▶ [GOAL OF THE EXERCISE]: Exact reproduction of all the data is required, with pictures excluded.

▶ [RECORDED DATA]:

--- START ---

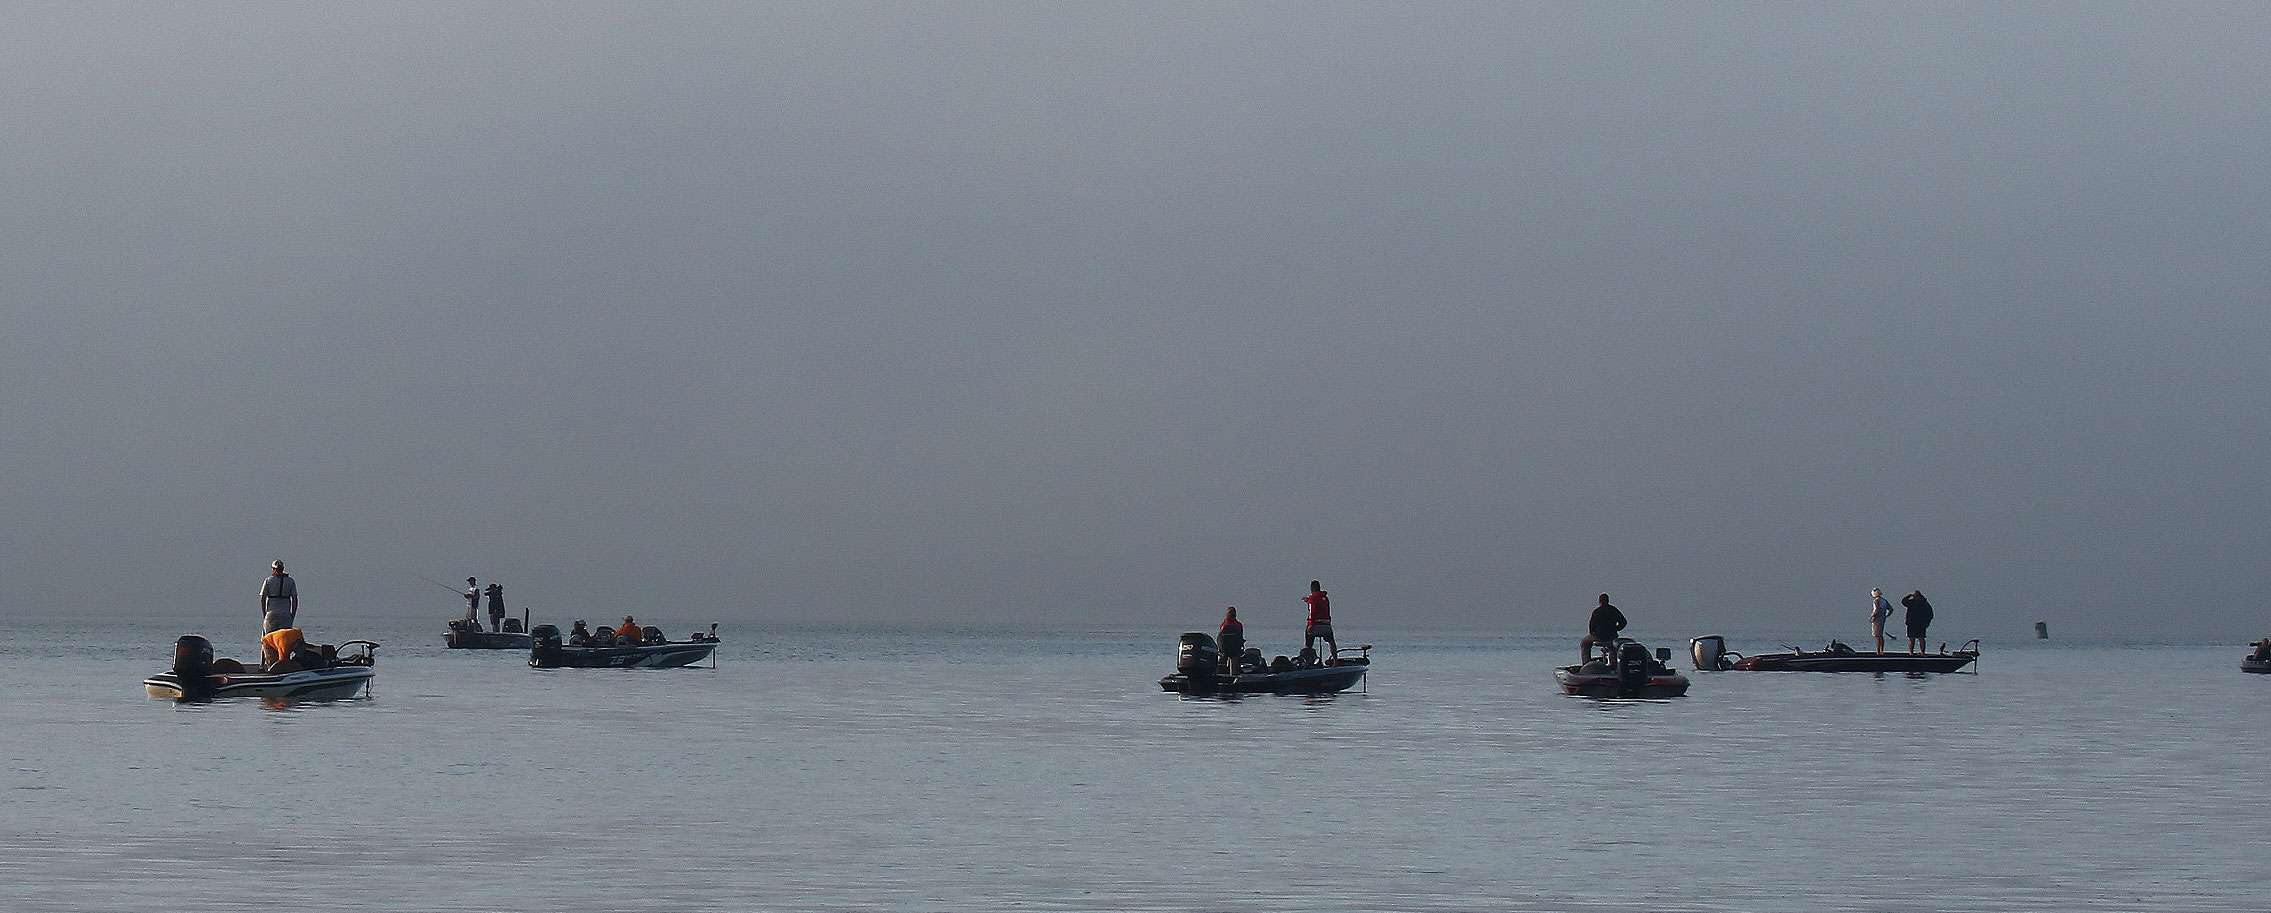 Edwin Evers started Day 4 of the Zippo BASSfest at Kentucky Lake presented by A.R.E. Truck Caps midway up the lake surrounded by two fog banks.
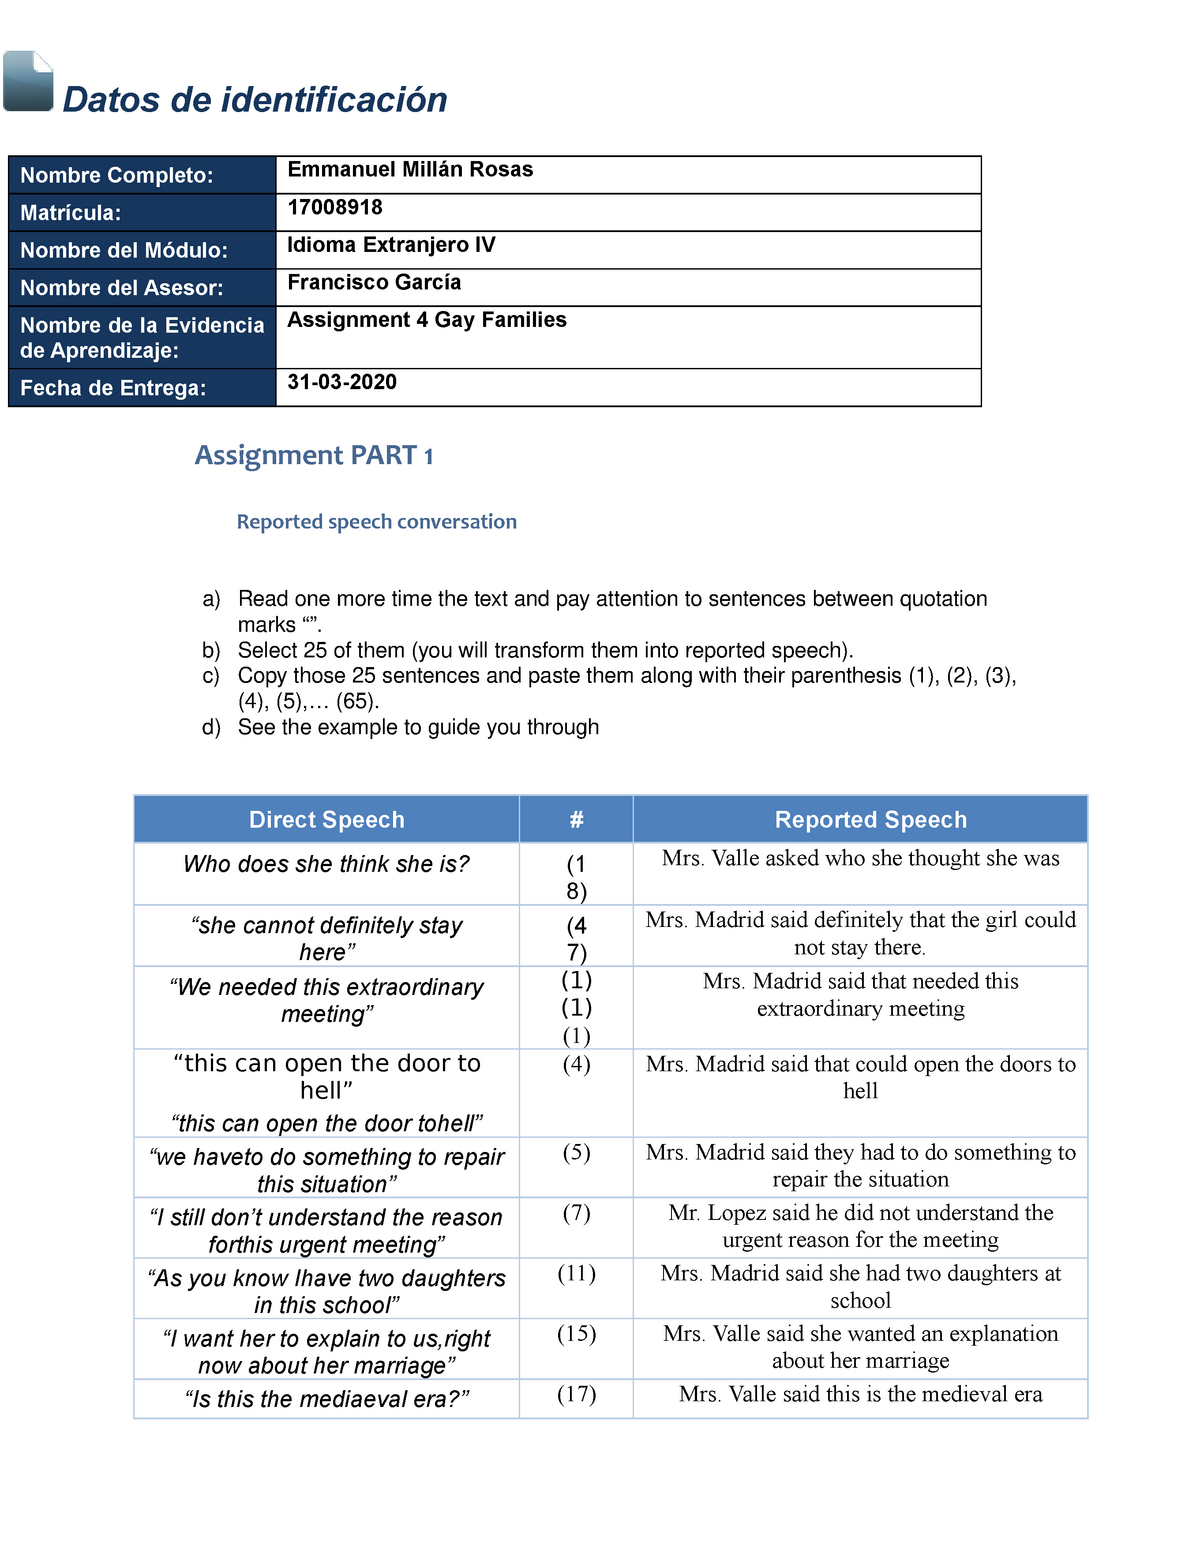 assignment 4 gay families scribd
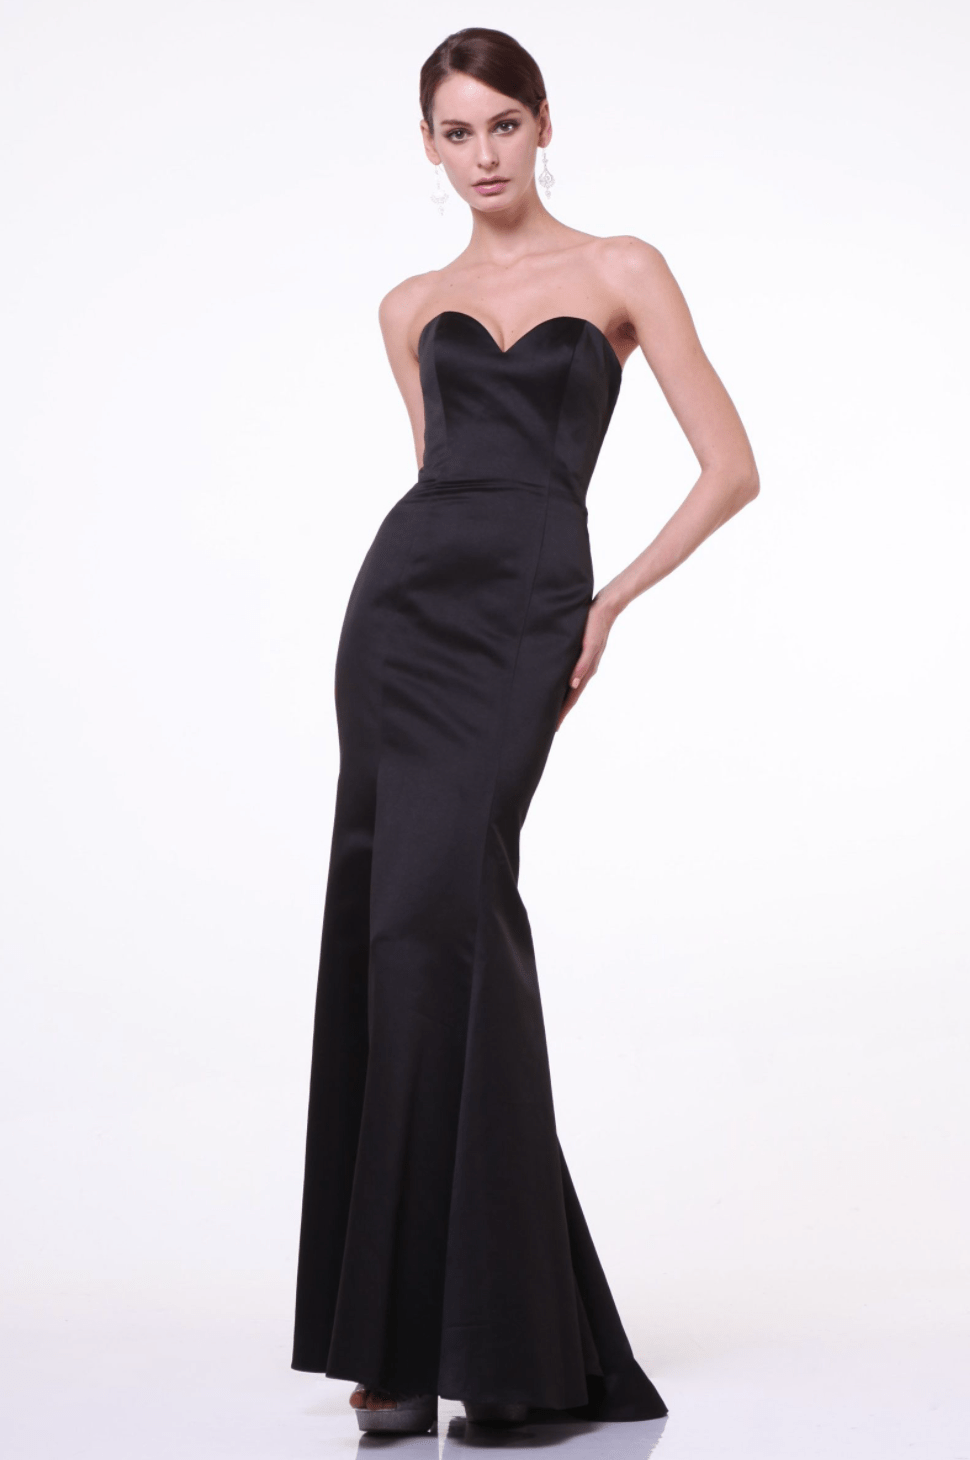 Strapless Satin Mermaid Dress by Ladivine - NORMA REED
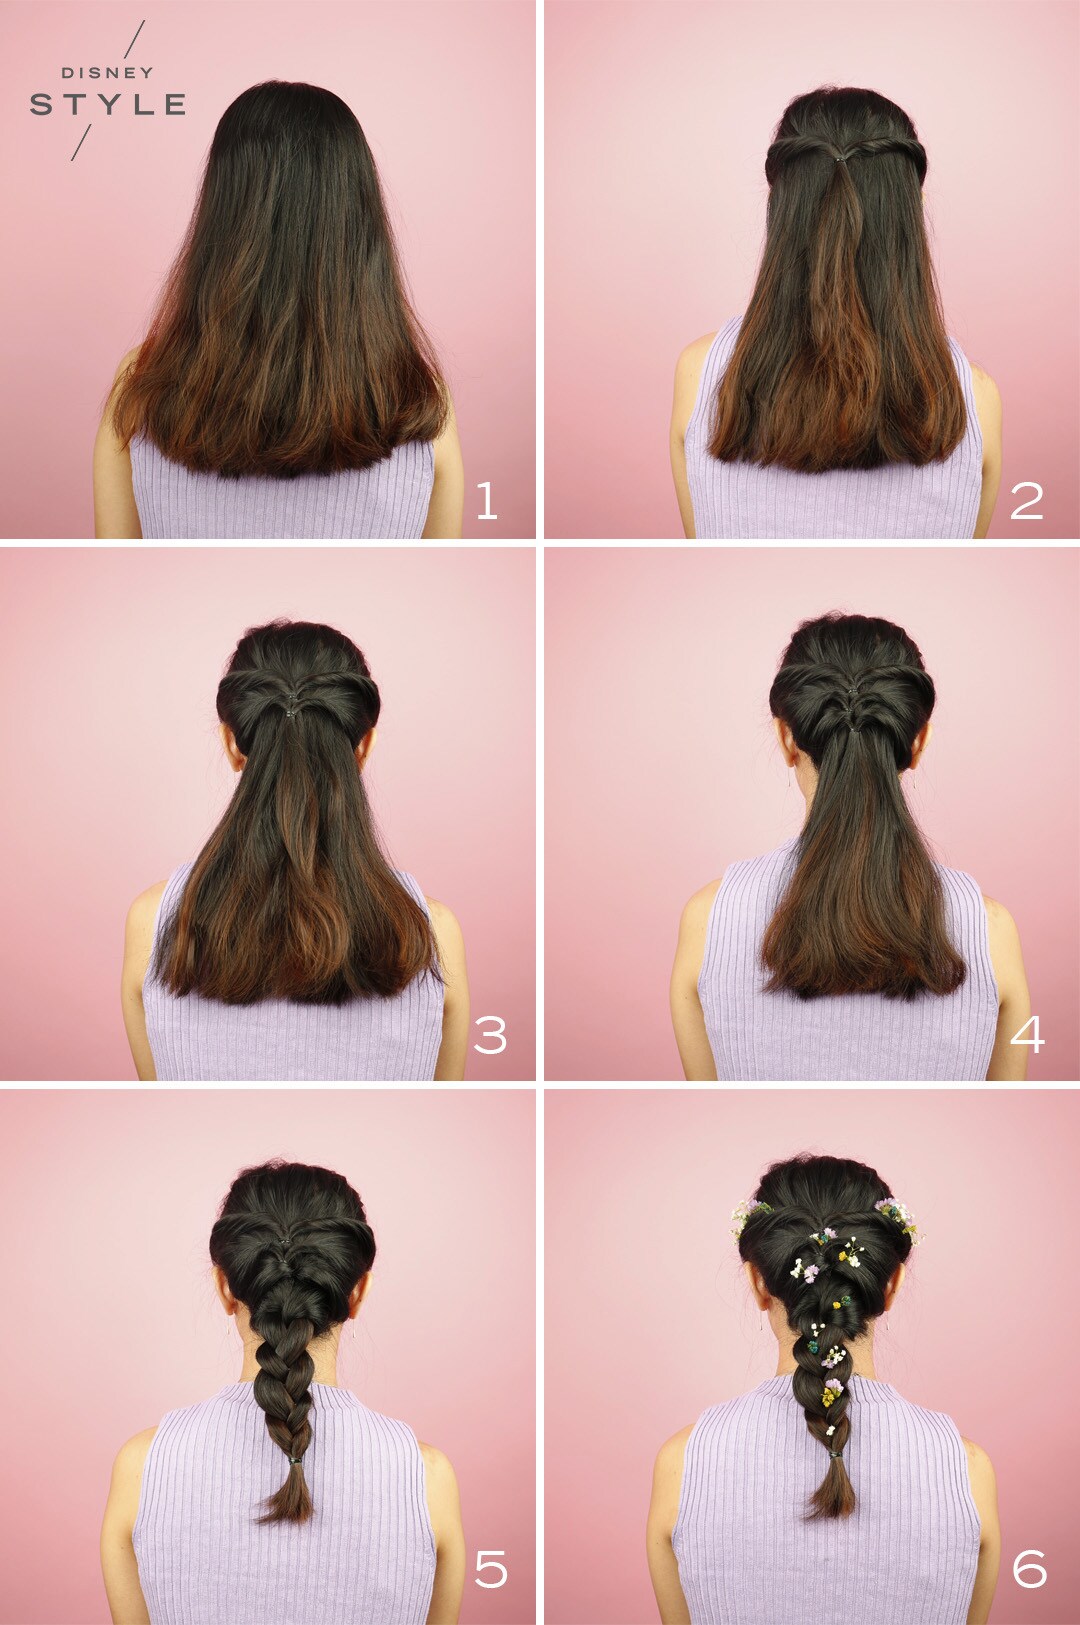 Fave4 - A Hairstyling Collection | Disney princess hairstyles, Princess  hairstyles, Hair styles

--- END ---

▶ [EXERCISE RESULT]:
 Edwin Evers started Day 4 of the Zippo BASSfest at Kentucky Lake presented by A.R.E. Truck Caps midway up the lake surrounded by two fog banks.
 assignment 4 gay families scribd
 Strapless Satin Mermaid Dress by Ladivine - NORMA REED
 Fave4 - A Hairstyling Collection | Disney princess hairstyles, Princess  hairstyles, Hair styles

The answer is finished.